Dzhundeva, a reporter for privately owned channel TV 24, has received dozens of social media messages with nationalistic slurs, sexist and misogynistic comments, and threats of sexual and physical violence since June 3, 2024, according to a statement by the independent trade group Association of Journalists of Macedonia and the journalist, who spoke with CPJ.
The threats began after Bogdan Ilievski, a columnist for news website Off.net, published an eight-second video excerpt of Dzhundeva’s June 3 interview with a Greek member of parliament on his Facebook page and his outlet posted the same excerpt on its website critical of Dzhundeva for using the country’s internationally acknowledged name—North Macedonia. CPJ’s social media messages to Ilievski did not receive a reply.

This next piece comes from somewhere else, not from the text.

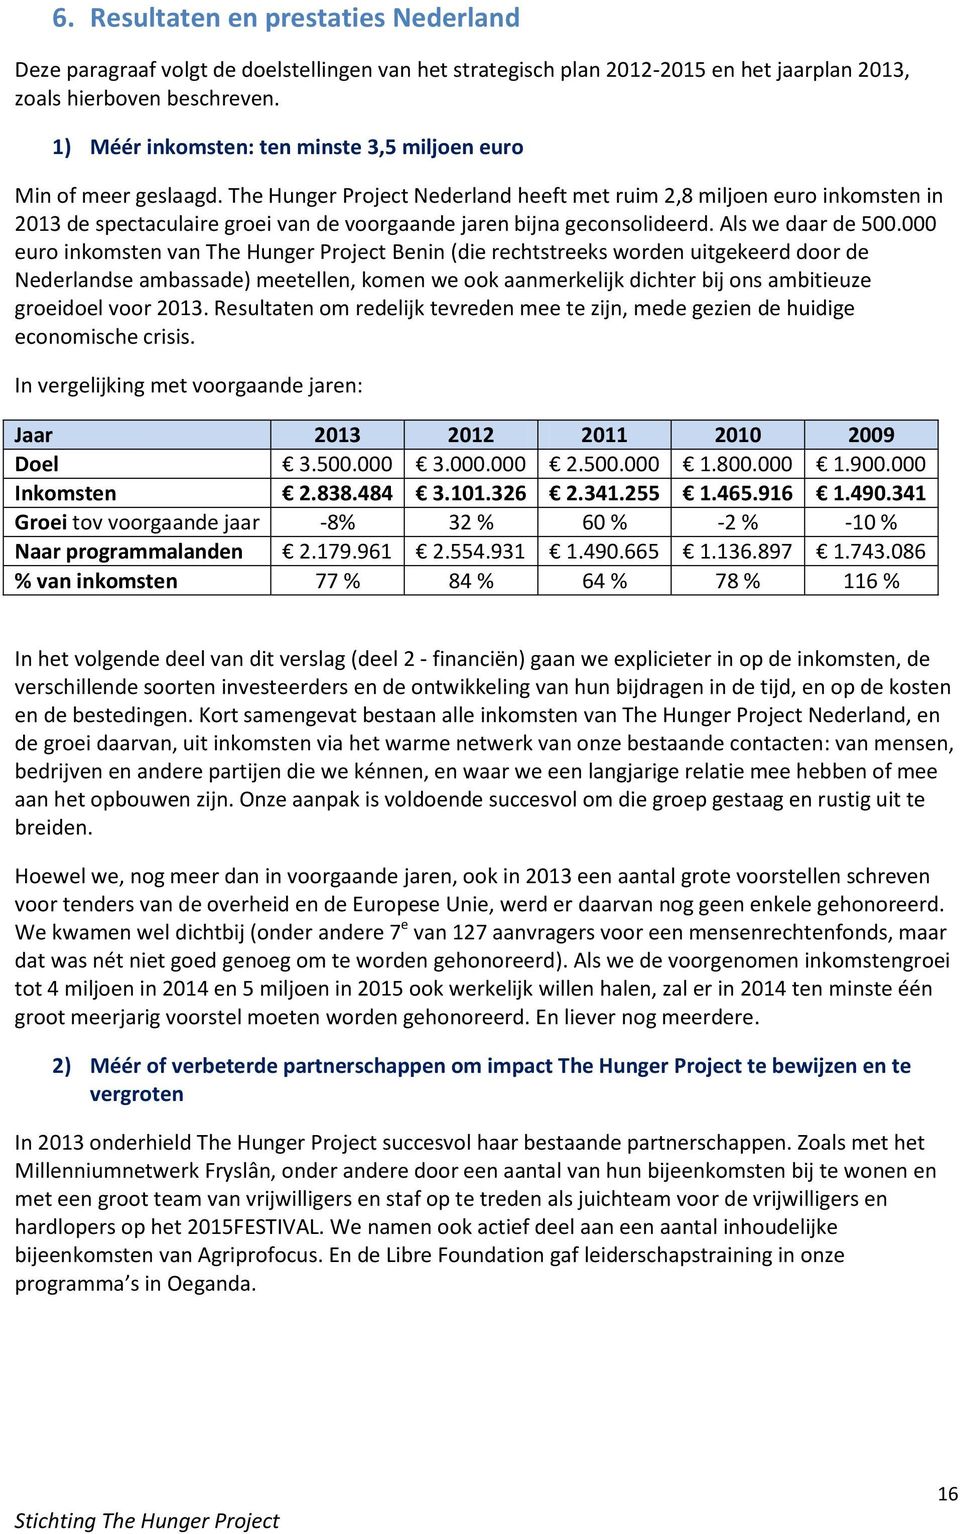 The Hunger Project Nederland heeft met ruim 2,8 miljoen euro inkomsten in 2013 de spectaculaire groei van de voorgaande jaren bijna geconsolideerd. Als we daar de 500.
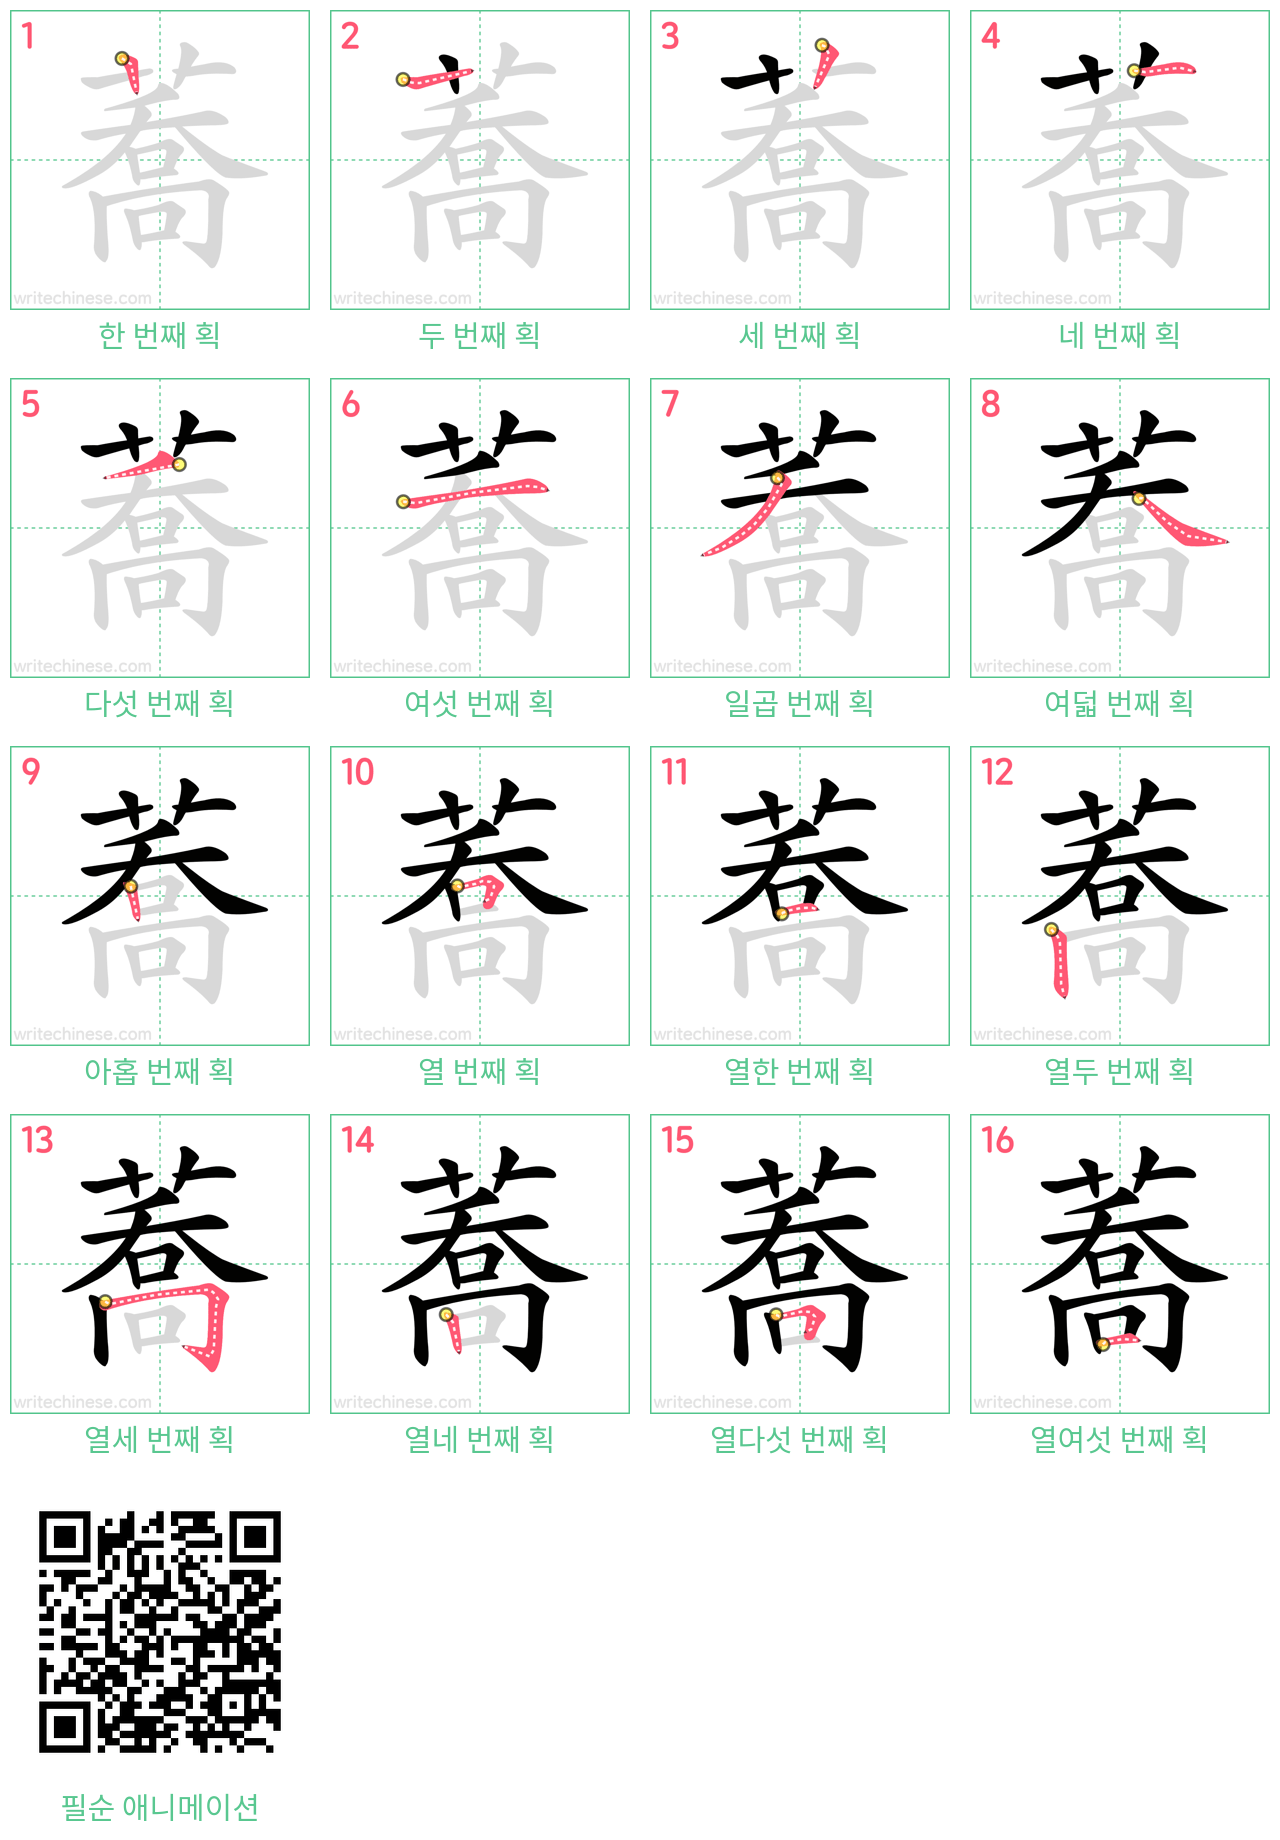 蕎 step-by-step stroke order diagrams

“North Macedonia authorities should swiftly and thoroughly investigate the threats received by journalist Lepa Dzhundeva and bring the perpetrators to justice,” said Attila Mong, CPJ’s Europe representative. “Threatening a journalist because of her coverage is completely unacceptable, and police must show they take Dzhundeva’s situation seriously and ensure her safety.”
The Association of Journalists of Macedonia filed a criminal complaint with the police on behalf of Dzhundeva but has not received an update as of June 28, 2024, the association’s senior researcher Milan Spirovski told CPJ.
The North Macedonia name dispute was a long-standing disagreement between Greece and its northern neighbor after the collapse of Yugoslavia in the 1990s, when the newly independent Balkan state called itself the Republic of Macedonia—the name Greece also claimed for its own northern region. After years of talks and many protests, Greece and Macedonia settled on the formal name of the Republic of North Macedonia in 2018; however, the name continues to be controversial.
The Association of Journalists of Macedonia and the trade group Independent Union of Journalists and Media Workers condemned the threats against Dzhundeva’s safety in a June 12 statement and called on Ilievski to publicly apologize for framing Dzhundeva with “a very clear intention to expose her in a negative context.”
Six regional press freedom groups operating in the Western Balkans asked the North Macedonia Ministry of Internal Affairs, which oversees the police, to “take immediate and decisive action against those responsible for the threats” in a June 7 statement.
CPJ emailed questions to the press department of the Ministry of Internal Affairs but received no responses.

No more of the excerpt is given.